Phartyal represented CHEA at various UNFCCC meetings. Till early 2016, he also led CHEA's participation in the Kailash Sacred Landscape Conservation and Development Initiative, a transboundary programme between India, China, and Nepal stewarded by ICIMOD.

Phartyal served as a faculty member of the Centre for Development Studies of the Uttarakhand Academy of Administration in Nainital for seven years.
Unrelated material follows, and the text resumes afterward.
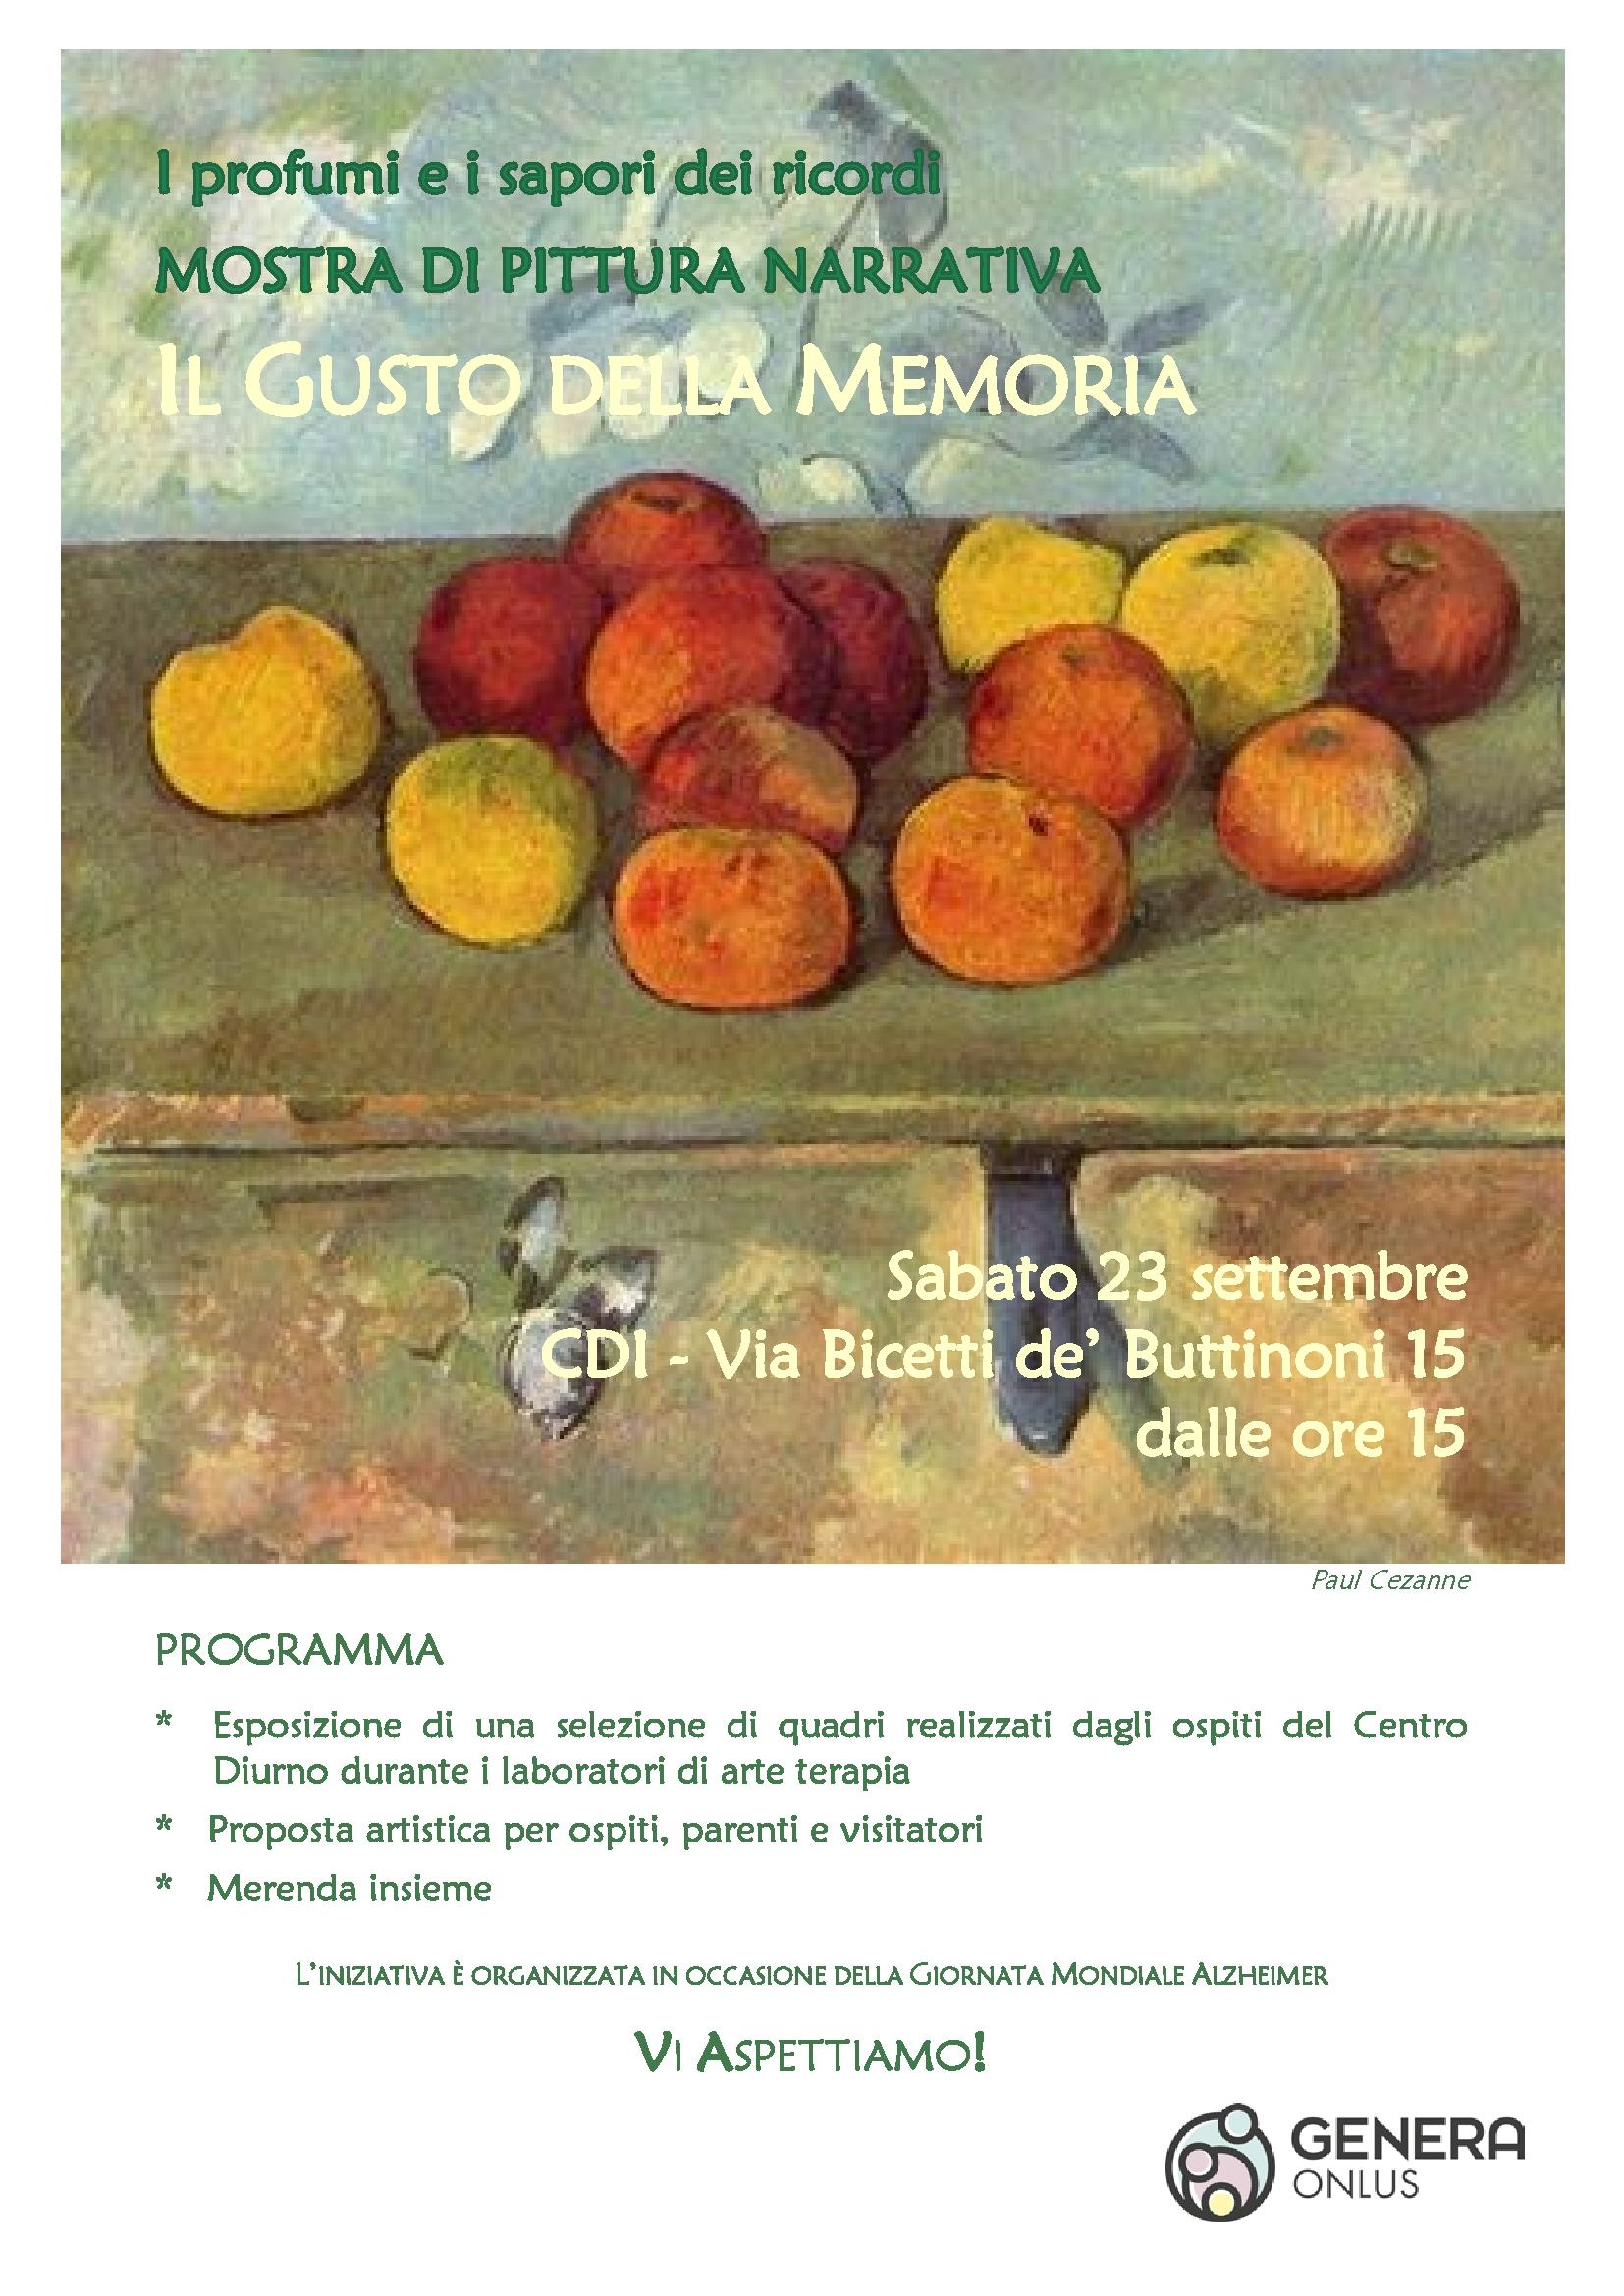 locandina gusto memoria 23 sett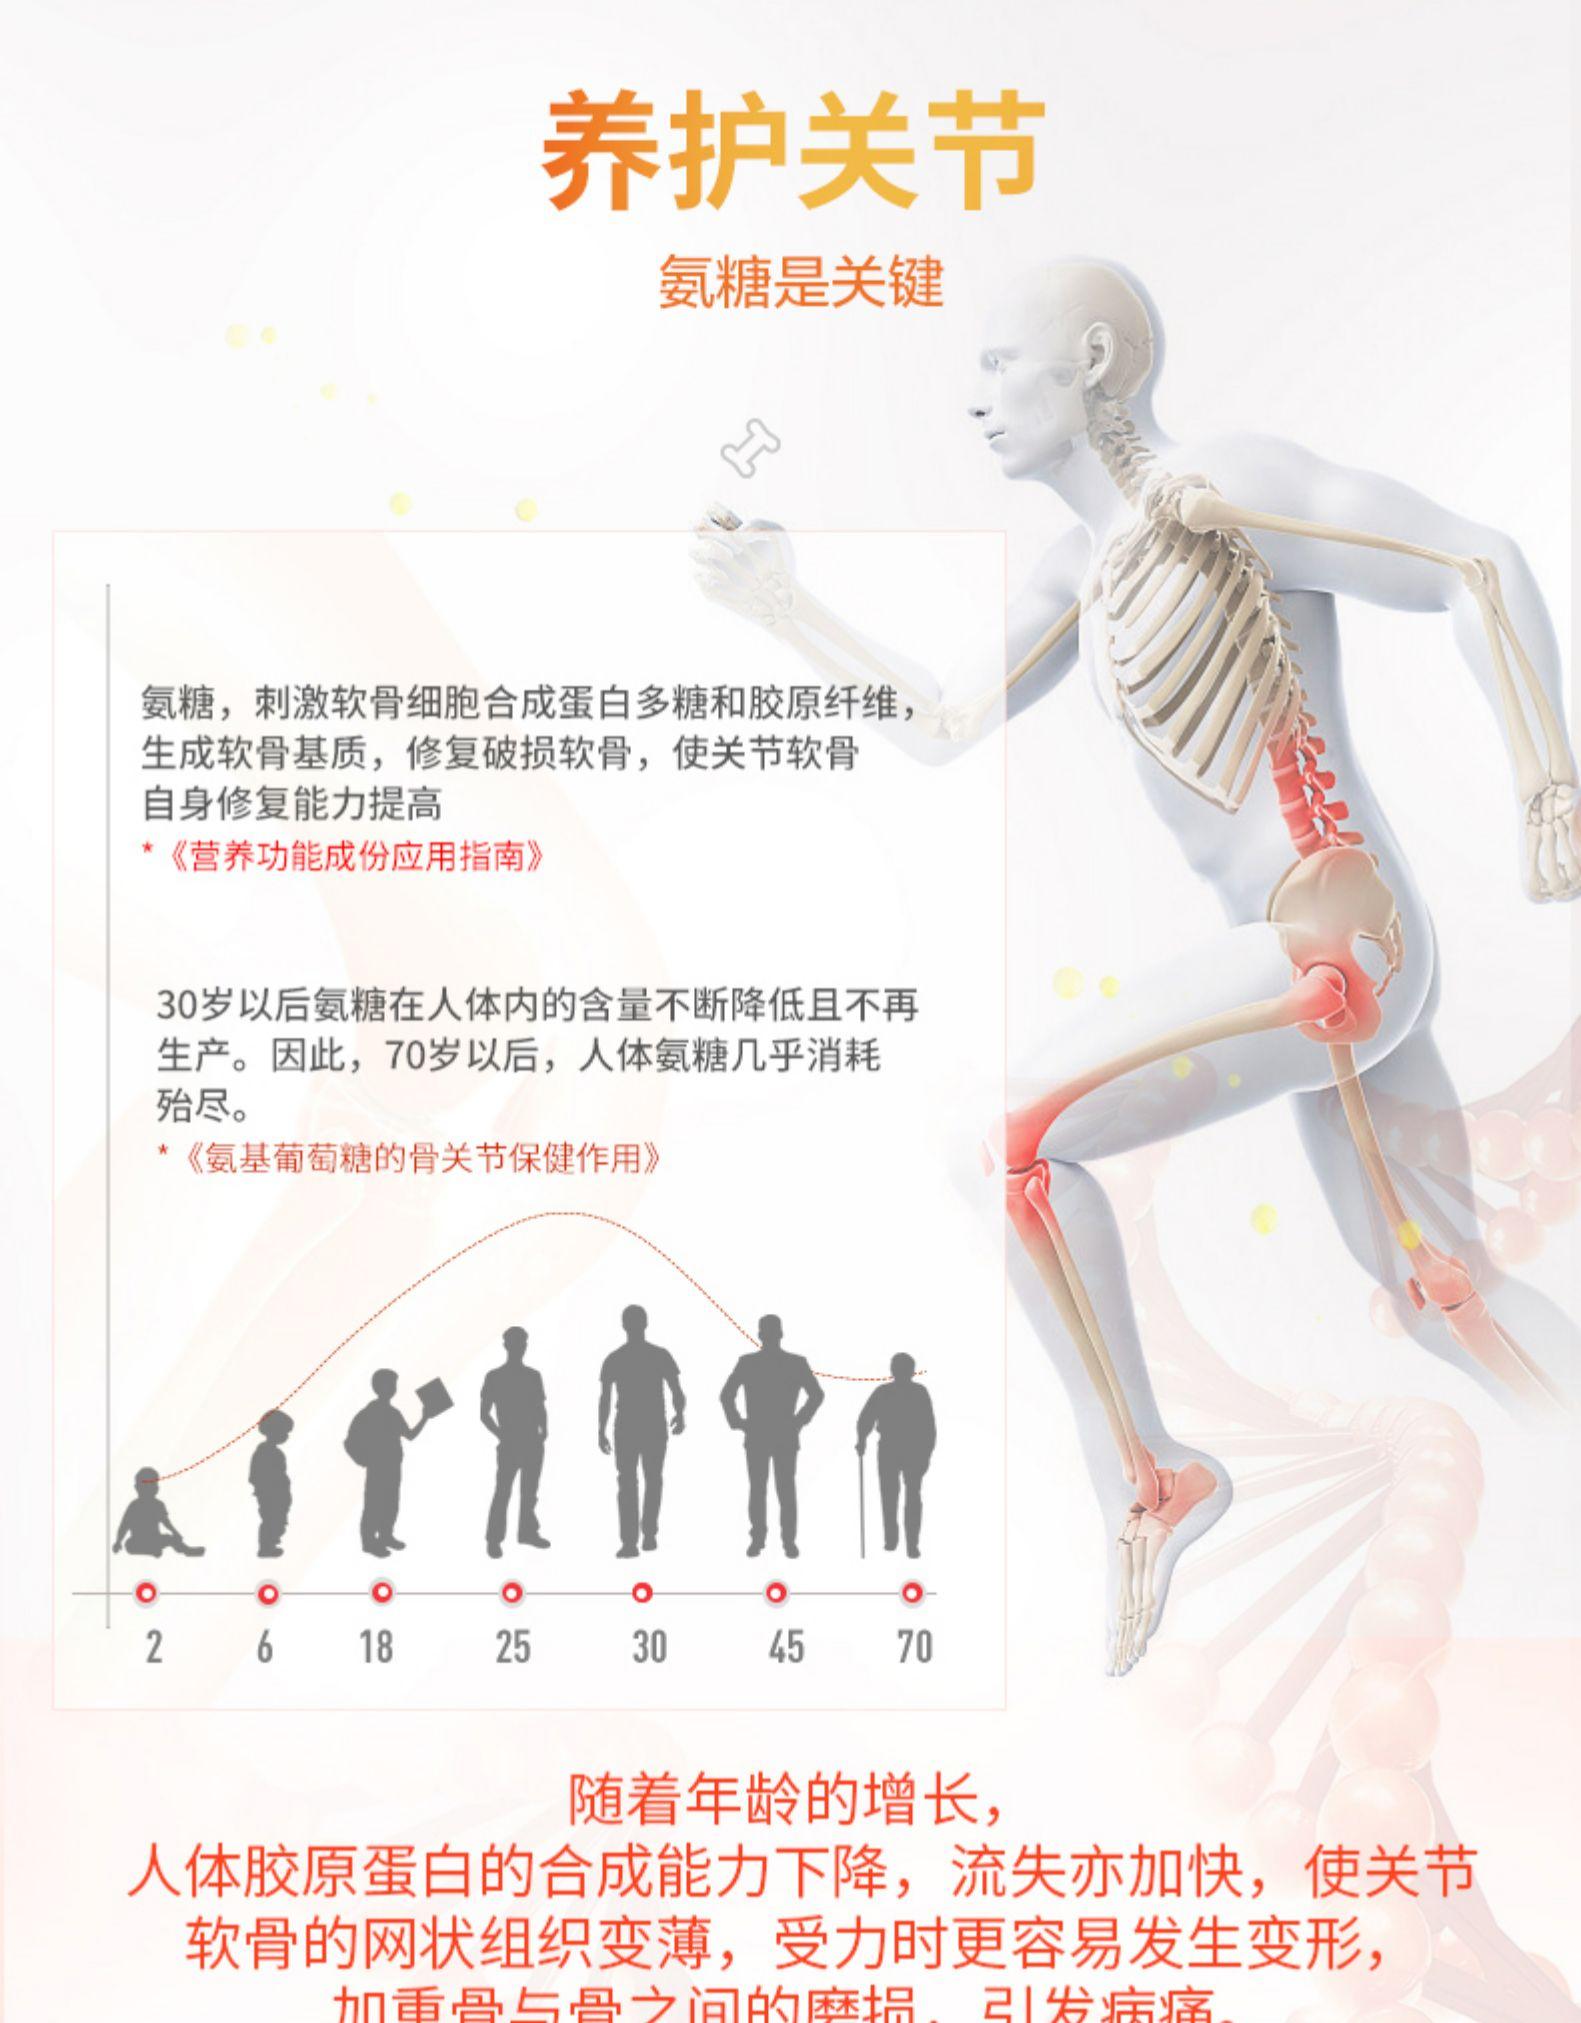 朗迪 氨糖软骨素 碳酸钙维生素D3钙片 关节润滑养护 40片 图3

Phartyal also acted as the treasurer of the Nainital Mountaineering Club.

== Death ==
In January 2016, Phartyal was on an academic visit to the Department of Geography, Cambridge University, in collaboration with Prof. Bhaskar Vira. During this visit, a tumour was detected in Phartyal's brain. Pushkin Phartyal died in Lucknow on 4 February 2016, at the age of 47, from brain cancer.

== Recognition ==

- Phartyal was a LEAD Fellow, a Synergos Senior Fellow, and an Ashoka Fellow.
- Phartyal was conferred the National Award for Excellence in Writing for the year 1998–1999 by the Ministry of Tourism, Government of India, for his book on trekking in India. He was again conferred this award for 2000-2001 and 2001–2002, in recognition of articles written by him.
- In 2006, he was awarded a GIAN prize for his article on community-managed low-cost ropeways in Uttarakhand. This article is archived in the online library of ICIMOD.
- Over 2011–2012, he was the recipient of a Rufford Small Grant.
- In 2012, he was awarded the World of Difference Award by The International Alliance for Women, for his contributions in reducing drudgery and strengthening livelihoods for mountain women.
- In 2015, he was awarded the Social Innovation Leadership Award by the World CSR Congress.
- In February 2016, following Phartyal's sudden death, various institutions and individuals expressed condolences. These included Harish Rawat, then chief minister of Uttarakhand, and the Food and Agriculture Organisation's Mountain Partnership.
- In July 2019, a seminar in the memory of Pushkin Phartyal was organised by CHEA at Nainital. Prof. Shekhar Pathak was one of the speakers at the event.
- In December 2022, an annual Pushkin Phartyal Memorial Talk was instituted in Nainital, which would be delivered every year at CHEA's annual general meeting.

== Select bibliography ==

- Danielsen, F., Skutsch, M., Burgess, N.D., Jensen, P.M., Andrianandrasana, H., Karky, B., Lewis, R., Lovett, J.C., Massao, J., Ngaga, Y. and Phartyal, P., 2011. At the heart of REDD+: a role for local people in monitoring forests?. Conservation letters, 4(2), pp. 158–167.
- Skutsch, M.M., van Laake, P.E., Zahabu, E.M., Karky, B.S. and Phartyal, P., 2009. Community monitoring in REDD+. Realising REDD, p. 101.
- Tewari, A. and Phartyal, P., 2006. The carbon market as an emerging livelihood opportunity for communities of the Himalayas. ICIMOD Mountain Development, 49, pp. 26–27.
- Singh, I.H.S., Tewari, A. and Phartyal, P., 2012. Community carbon forestry to counter forest degradation in the Indian Himalayas. In Community Forest Monitoring for the Carbon Market (pp. 138–153). Routledge.
- Uma, P., Tej, P., Sharma, H.K., Pushkin, P., Aungsathwi, M., Tamang, N.B., Tan, K. and Munawar, M.S., 2012. Value of insect pollinators to Himalayan agricultural economies. Value of insect pollinators to Himalayan agricultural economies.
- Semwal, R.L., Bisht, R.S. and Phartyal, P., 2012. Community Forestry in the Indian Himalayan Region. Glimpses of Forestry Research in the Indian Himalayan Region, p. 25.
- Tewari, P., Mittra, B. and Phartyal, P., 2008. Perennial fodder grasses: Key for management of community forests in Indian Himalaya. In IASC 12th Biennial International Conference Governing Shared Resources: Connecting Local Experience to Global Challenges, Cheltenham, United Kingdom.